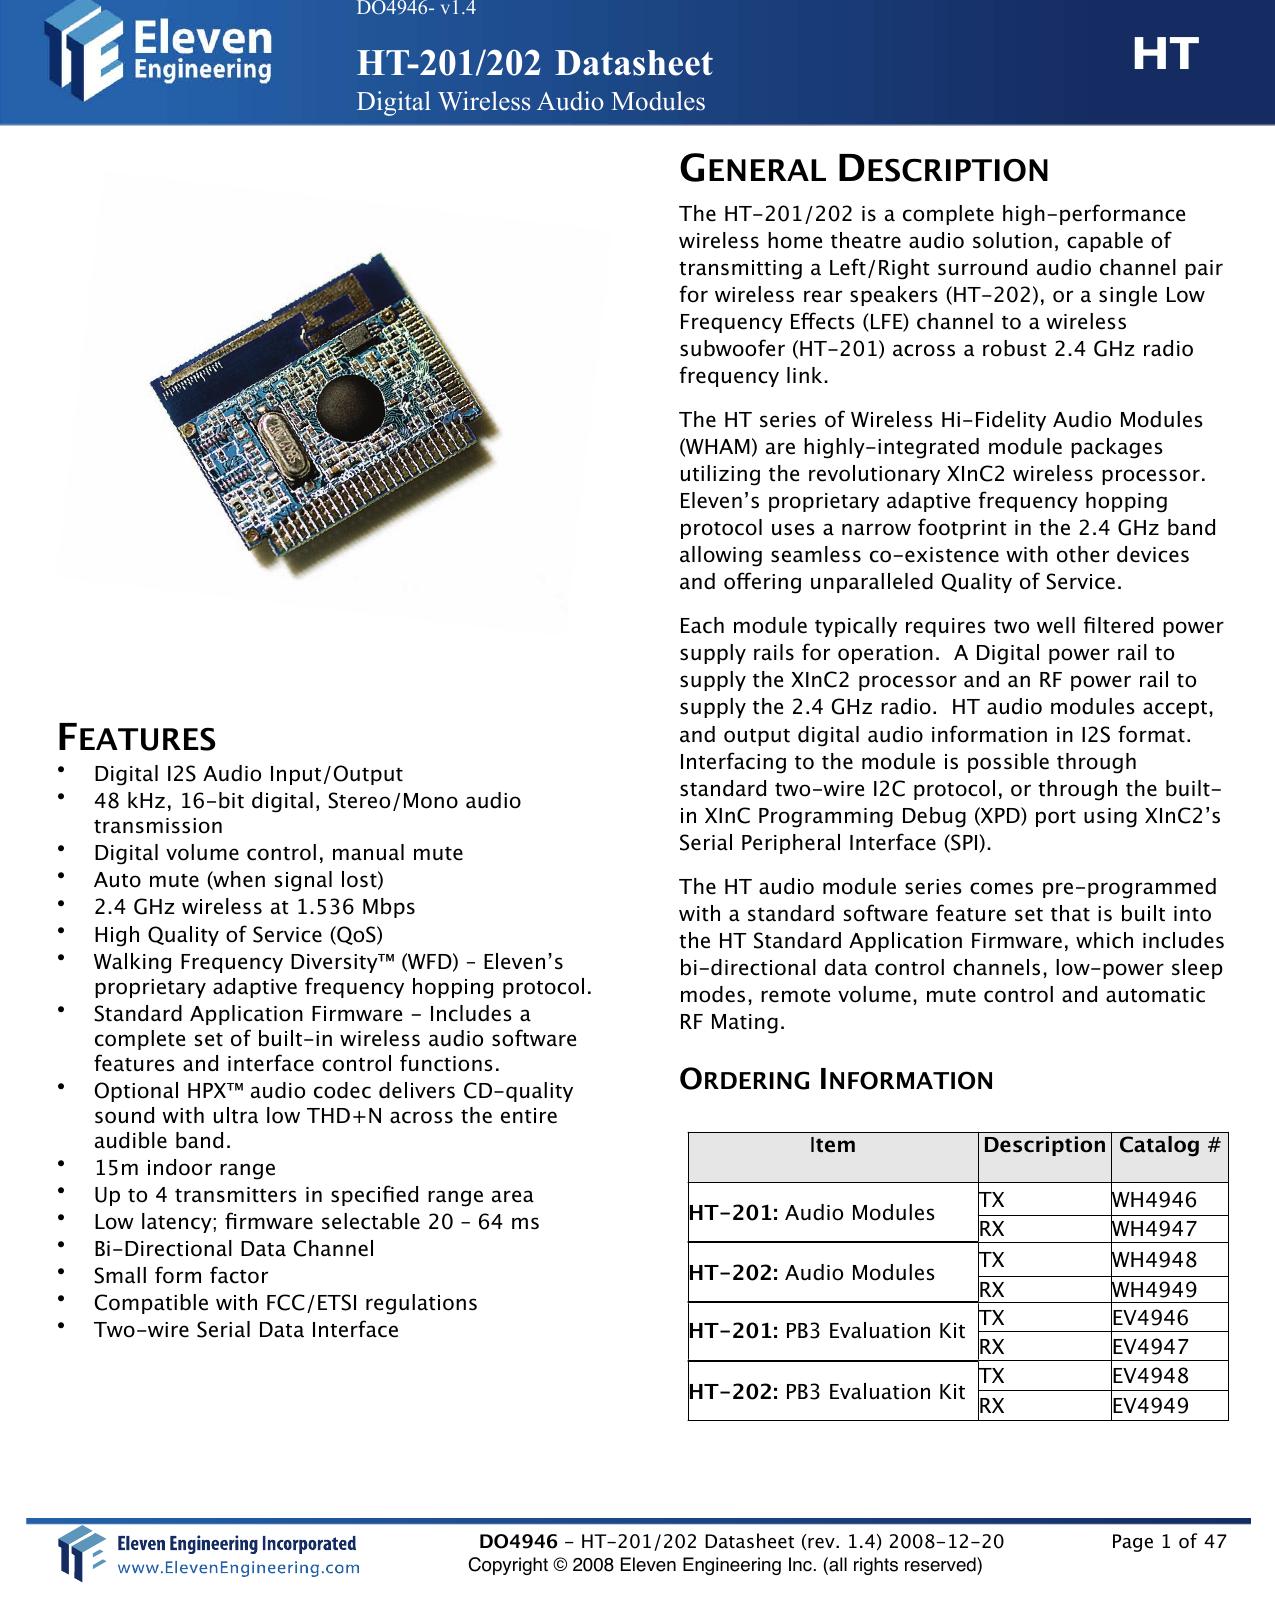 Paradigm Electronics HT205 WIRELESS POWERED SUBWOOFER
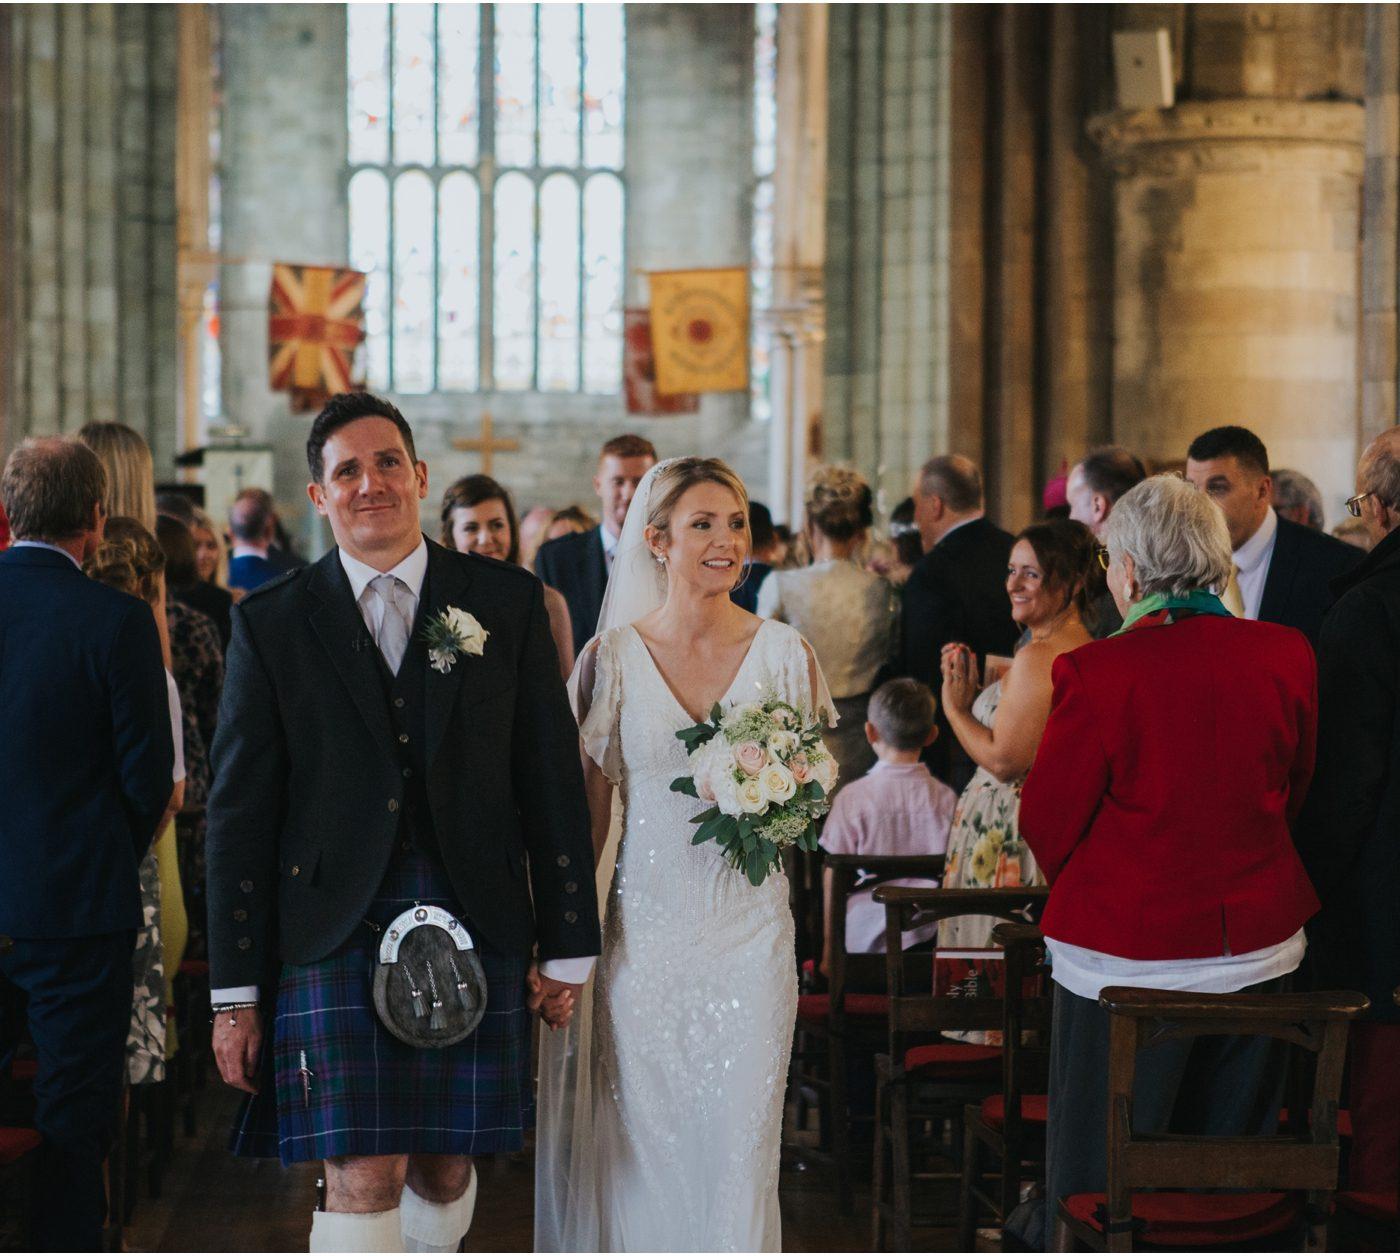 Elegant Stirling wedding at Church of the Holy Rude & Cowanes Hospital - Pamela & Johnnie
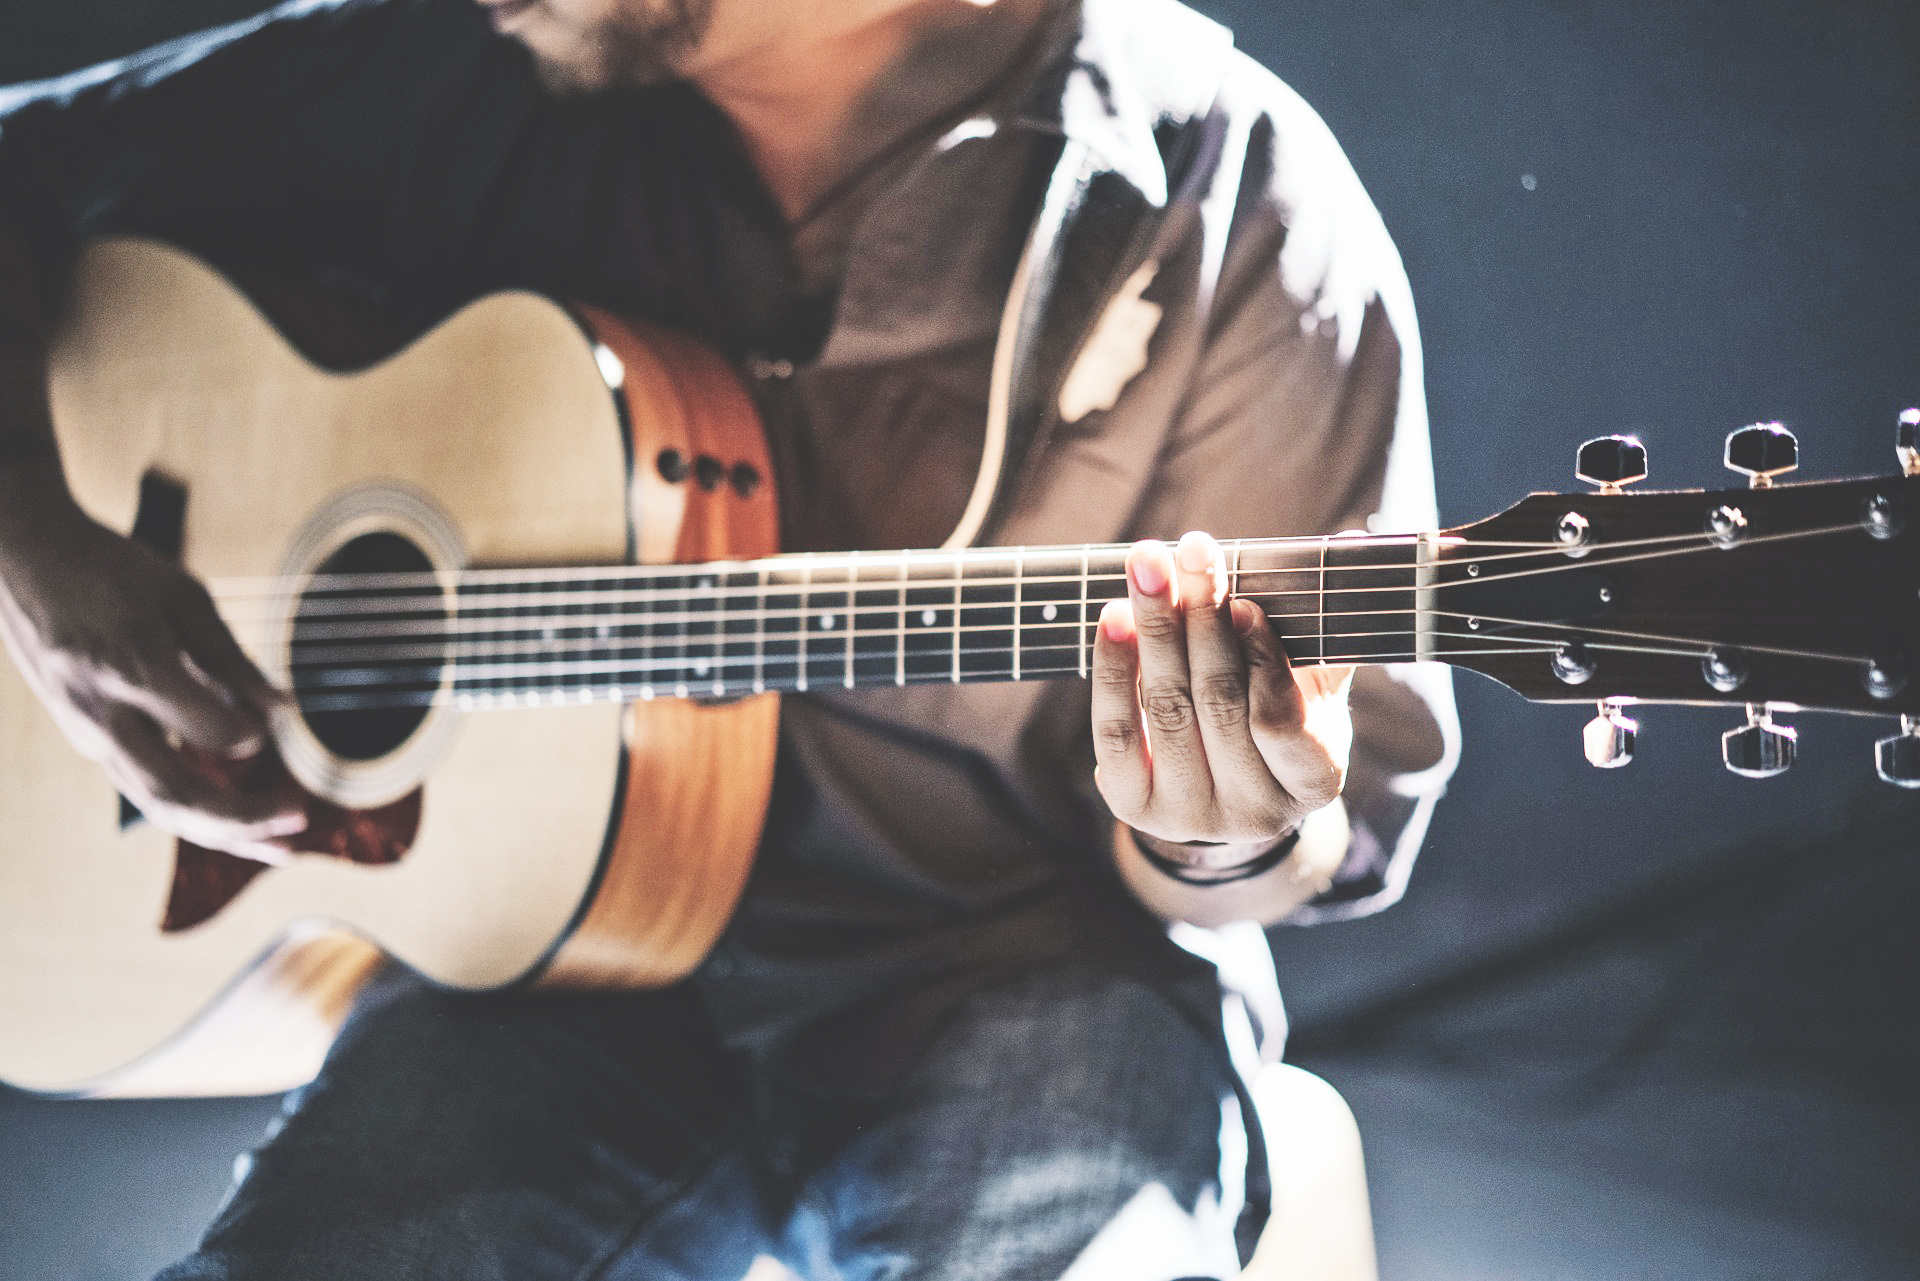 Man_Guitar.jpg

• **Task item**: Start with the line that holds "Elegant Stirling wedding" and retype each line through the last one in the data, exactly and without pictures.

• **Response box**:
 Elegant Stirling wedding at Church of the Holy Rude & Cowanes Hospital - Pamela & Johnnie
 Man_Guitar.jpg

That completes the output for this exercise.